Come up with a solution to this equation in the form of a function F(t,y)=0.

Homework Equations

dF/ dy = N
dF / dt = M

Note: when I write d it's supposed to be a partial derivative.

The Attempt at a Solution

Okay, so I called the part in front of the dy 'N' and the part in front of the dt 'M'. Then I took dM/dy and dN/dt to make sure they're equal. They are, so this equation is exact.

F(t,y) = integral of (-10t)dt = -5t² + k(y)

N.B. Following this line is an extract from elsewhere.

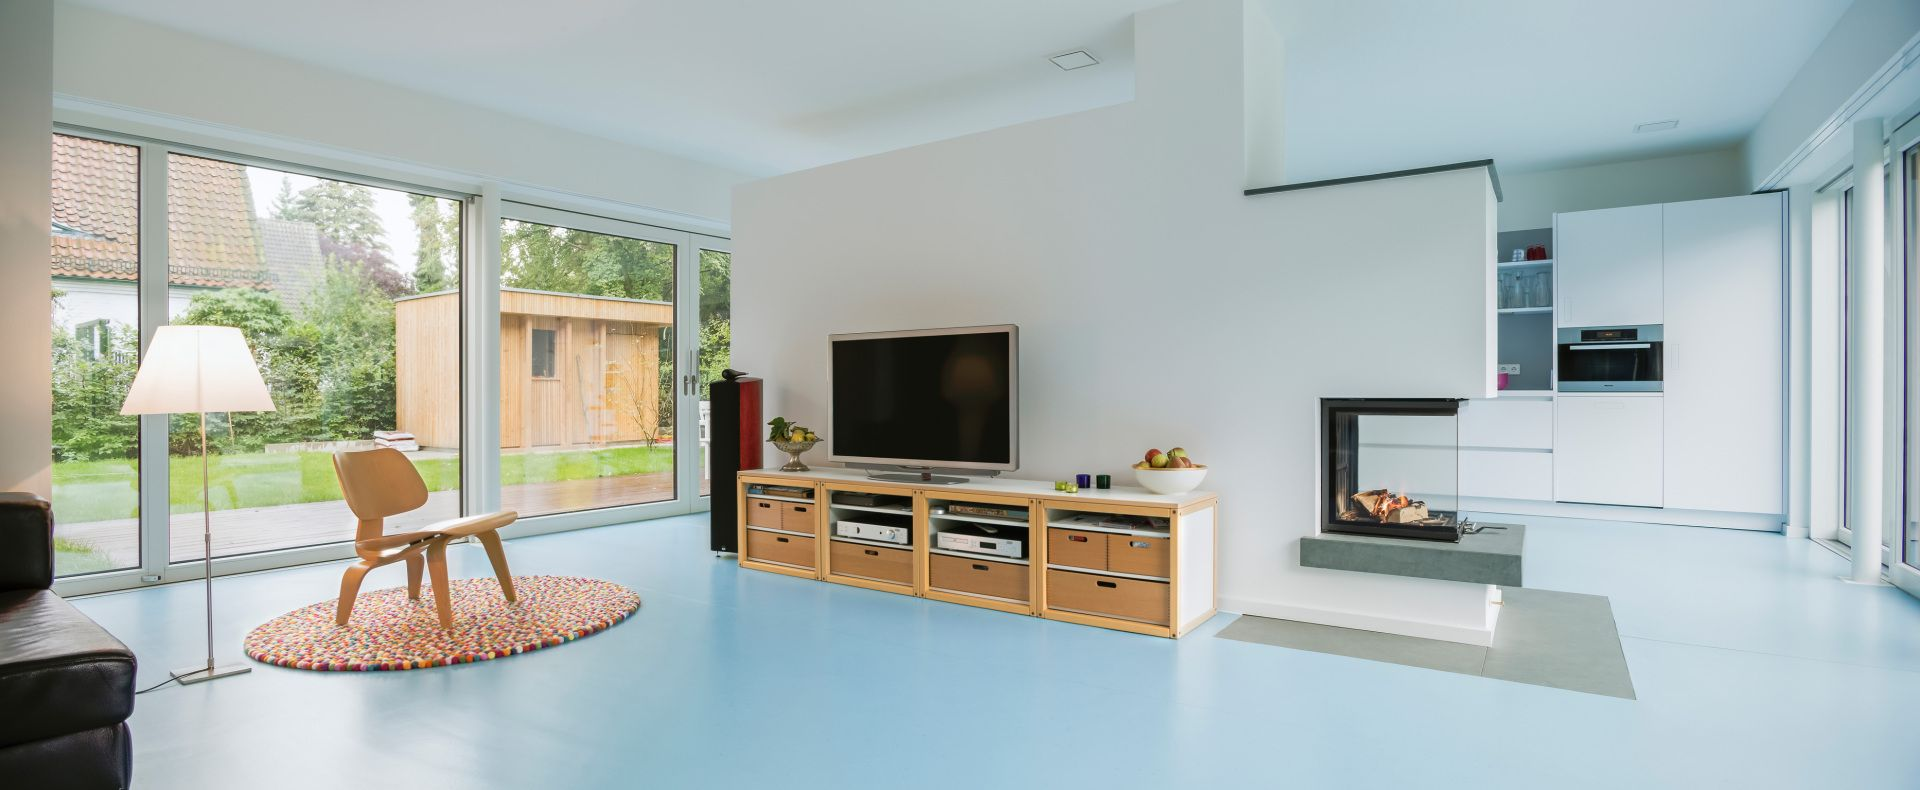 holz und farben f rs leben. Black Bedroom Furniture Sets. Home Design Ideas

Now, take the partial derivative of F(t,y) with respect to y. This gives -5t²y + k`(y). This equal to N.

So -5t²y + k`(y) = (28y⁶ - 24e^-6y)(sqrt(1-t⁴))

There's where I get stuck. I need to figure out what k(y) is, but I have nooo idea how to do that. I tried moving everything over to the right side except k`(y) and integrating, but the integral got really complicated =\

 

[206PiruBlood]

Remember that you have two variables so if you integrate with respect to one, you hold the other constant. For example if you integrate with respect to y, then you would treat t as a constant.

 

[jumbogala]

Hmm, okay. I think I see where I went wrong.

F = integral of M dt = -5t^2 + k(y)

Now, take the partial derivative of F with respect to y. This gives k`(y).

So k`(y) = (28y^6 - 24e^(-6y))(sqrt(1-t^4))

So to find k(y), I integrated the right hand side of the above equation with respect to y. Then I got k(y) = (sqrt(1-t^4))(4y^7 + 4e^(-6y)).

But my answer was still wrong...

 

[Mark44]

Why is it that you think this differential equation is exact? I'm not getting that at all. Based on your definitions for M and N,
$$\frac{\partial M}{\partial y} = 0$$
and
$$\frac{\partial N}{\partial t} = (28y^6 - 24e^{-6y})(1/2)(1 - t^4)^{-1/2}(-4t^3)$$
Are you sure you have written the problem down correctly?